その後、県連盟の理事会では、全会一致でこの事が承認されました。更生保護女性会の活動が「ほっとけない」という見地から、中身の新しいものになっていく歩みが始まったのでした。
平成21年、県連盟は、「更生保護を地域に広めるために『ほっとけない運動』をどのように展開するか。」このテーマに沿って会員研修を行いました。これまで50年続けてきた活動を、改めて「ほっとけない」という視点から検証して見直し、「ほっとけない運動」を掲げて活動をスタートさせることにしました。

私たちのこれまでの活動は、往々にして上部団体からの「今年はこんな活動をします」、「研修はこのように進めます」といった指示や呼びかけに応じて行ってきたように思います。これまで続けて来たことだからと続けていることも多いのです。

長年行ってきた活動であるだけに、なぜその活動が必要であるのか、それをしないとどうなるのかという意識が薄れてしまってはいなかったでしょうか。  「この現状をほっとけない」。そんな気持ちに動かされて活動に取り組むという更生保護女性会発足の原点に立ち戻って、現代社会の問題に取り組んでみる必要があると思うのです。

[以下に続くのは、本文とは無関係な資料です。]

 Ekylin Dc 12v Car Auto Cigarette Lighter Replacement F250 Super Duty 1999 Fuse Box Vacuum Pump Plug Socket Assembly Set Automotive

「ほっとけない運動」では、それぞれの地区会が地域で今、何が問題になっているかに気づき、問題を検証し、どうしたら良いかを自主的、主体的に考えることから始めます。そして、それを 「ほっとかない」。そのためには、更女だけで進めるのでなく、往々にして地域の関係機関、団体に呼びかけて、共に地域の問題として取り組んで行くことが必要になってくると考えています。
  連盟では、「ほっとけない運動」をより効果的に展開するために、会長、副会長、そして5ブロックの代表等からなる16名の推進委員会を立ち上げました。推進委員会では、情報の提供、連絡調整、活動記録のまとめなどを行います。その一環として、この度、この報告書をとりまとめることとなったものです。
この報告書では、連盟が地区会の申請を受けて指定した11の推進地区の報告を掲載することになりました。しかし、もちろんこの運動は、この11の地区会ばかりで実践してきたものではありません。県内その他の各地区会においても、「ほっとけない運動」の視点から、これまでとは違った意識をもって活動に創意工夫をこらし、よい展開をしていることを申し添えておきたいと思います。

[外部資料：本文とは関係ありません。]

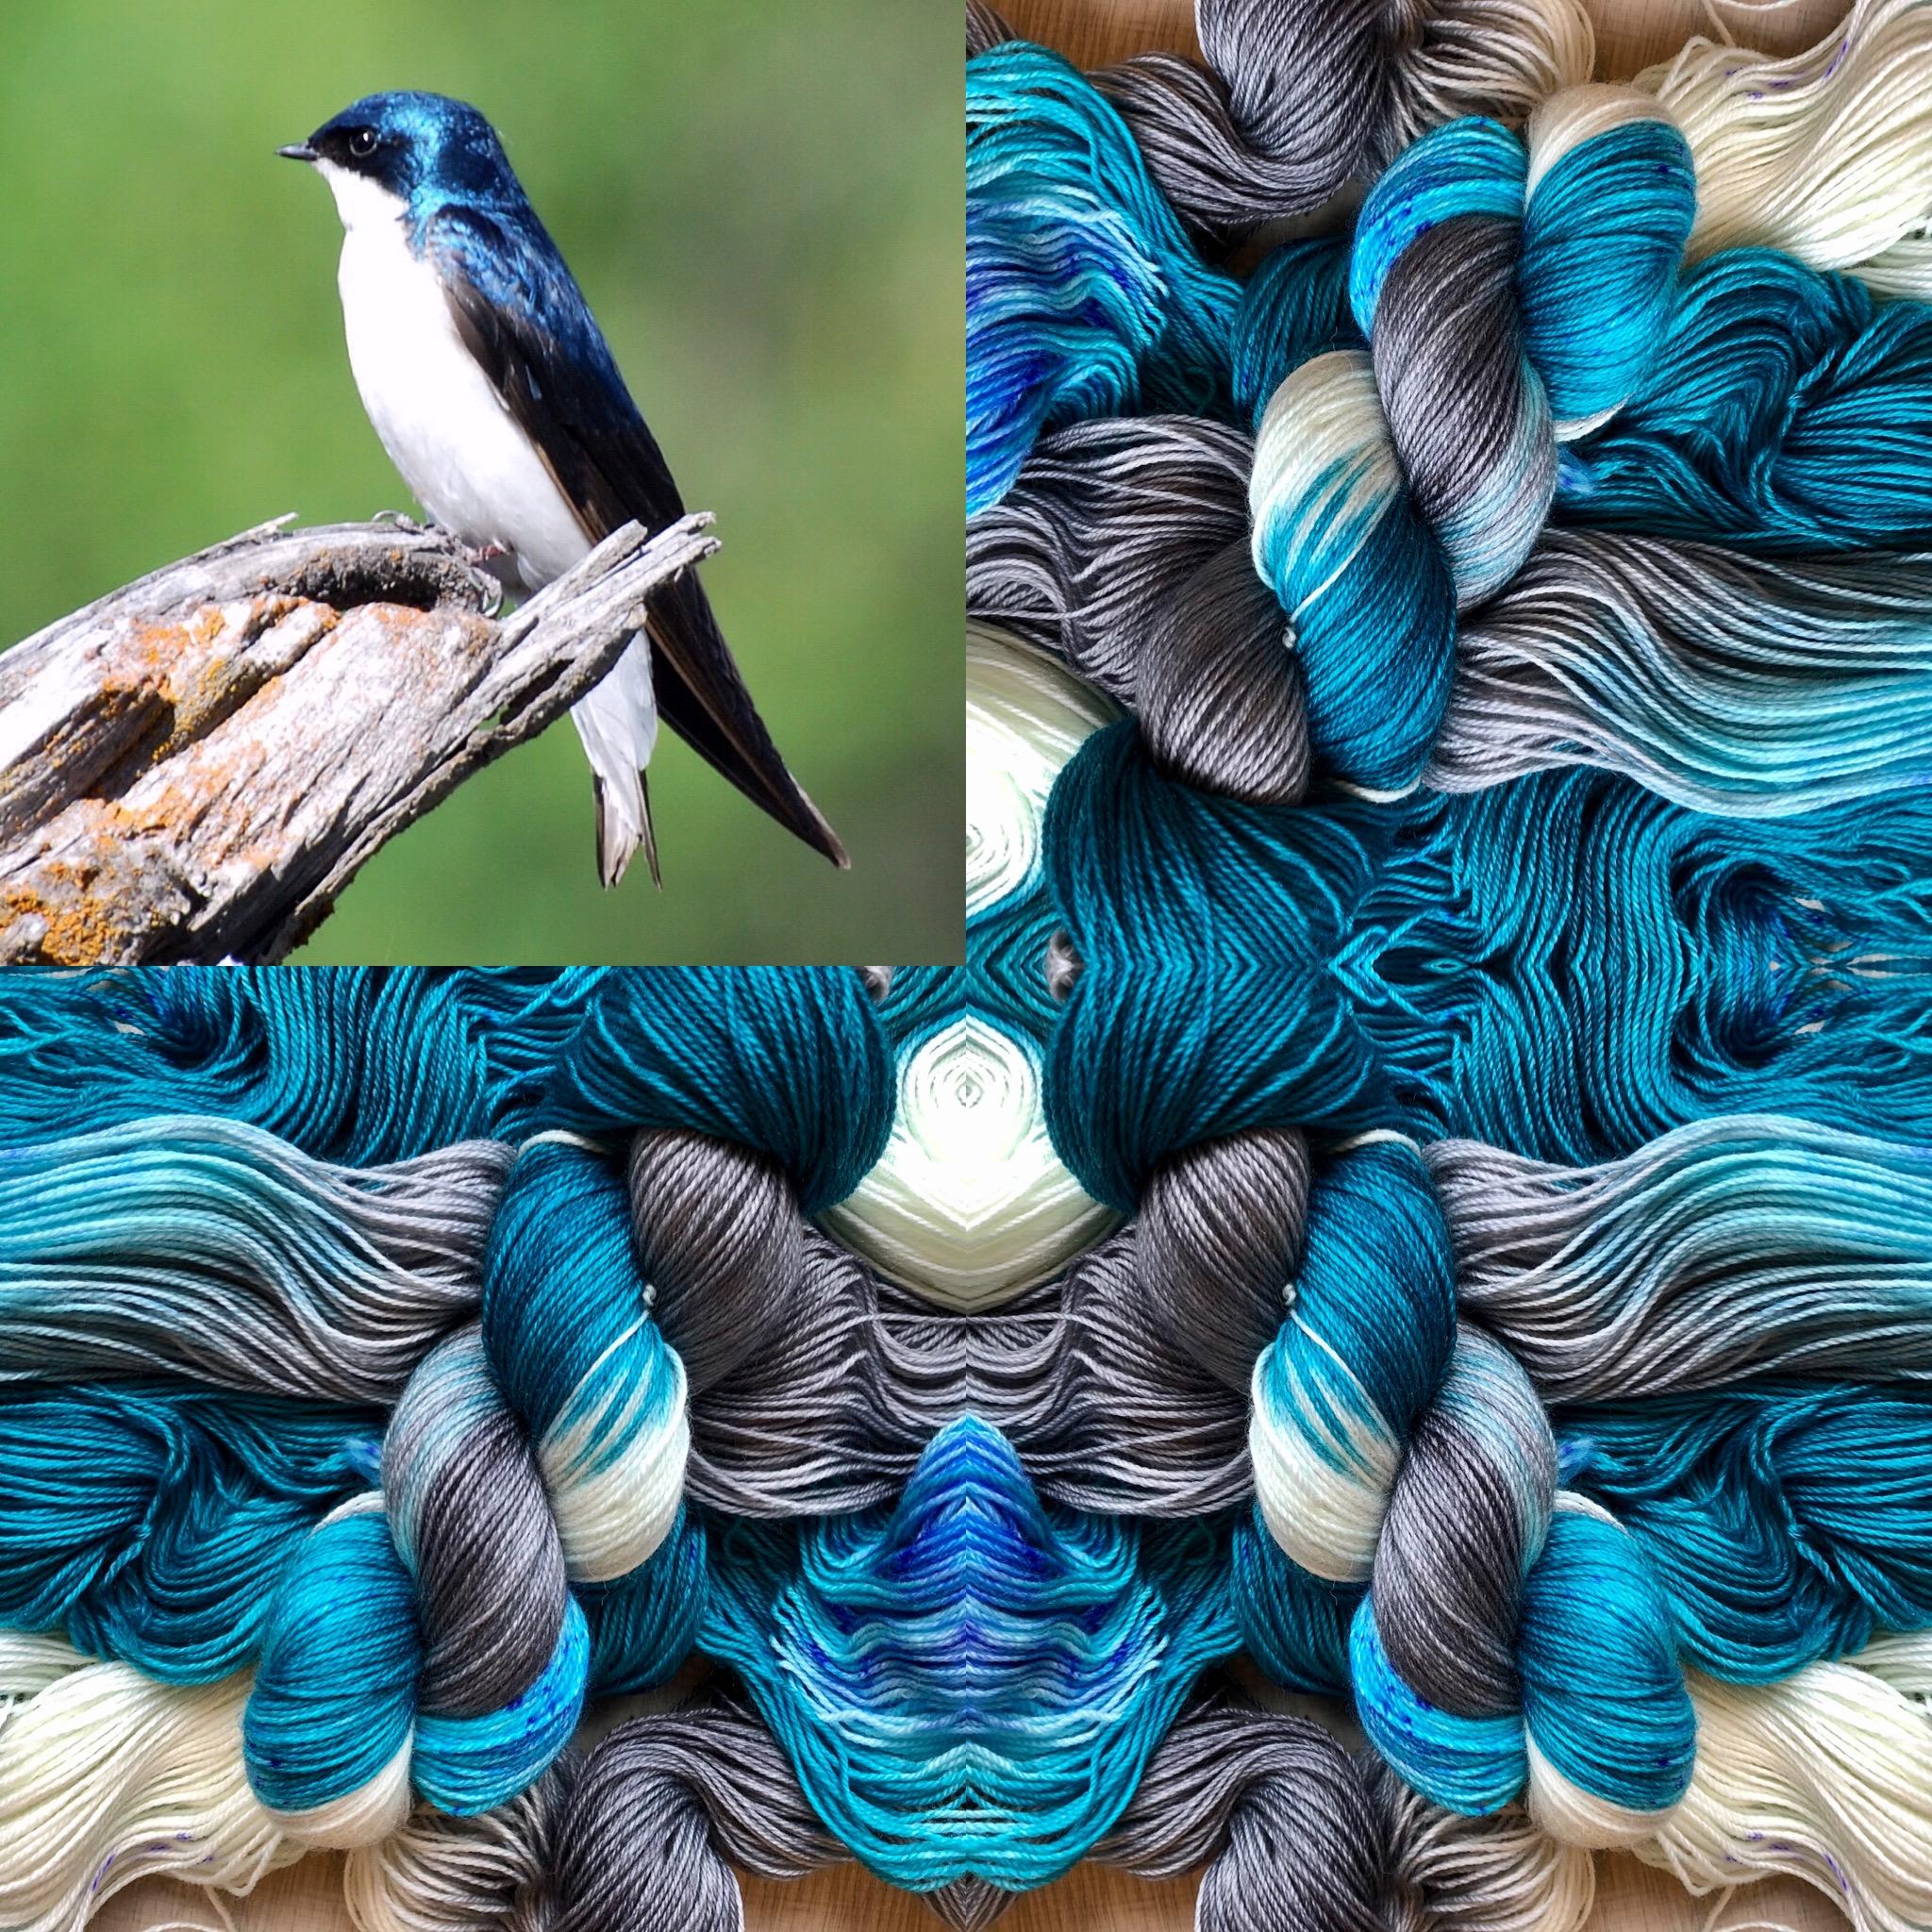 Songbird Yarn and Fibres

「ほっとけない運動」を開始して3年が経過しようとしています。今日まで研修に研修を重ね3年目になろうとしてきた頃に、ようやく具体的に動き始めたという実感を持っています。その意味では、「ほっとけない運動」はまさに前進を始めたばかりなのです。そして、この運動は、今後も短い間に完結するということではありません。末長く続けていかなければならないものだと思っています。

今、県下すべての更生保護女性会が、戸惑いながらも「ほっとけない」の視点から、問題意識をもって課題に取り組んでいます。会員が、テレビや新聞報道などにもこれまで以上に関心を持ち、関係団体との情報交換をしたり、関係機関からお話を聞いたり、アンケート調査をするなど、新たな動きを見せています。そうして、気づき、考え、行動する時、時代のニーズに合った新しい活動が次々に展開されることを期待します。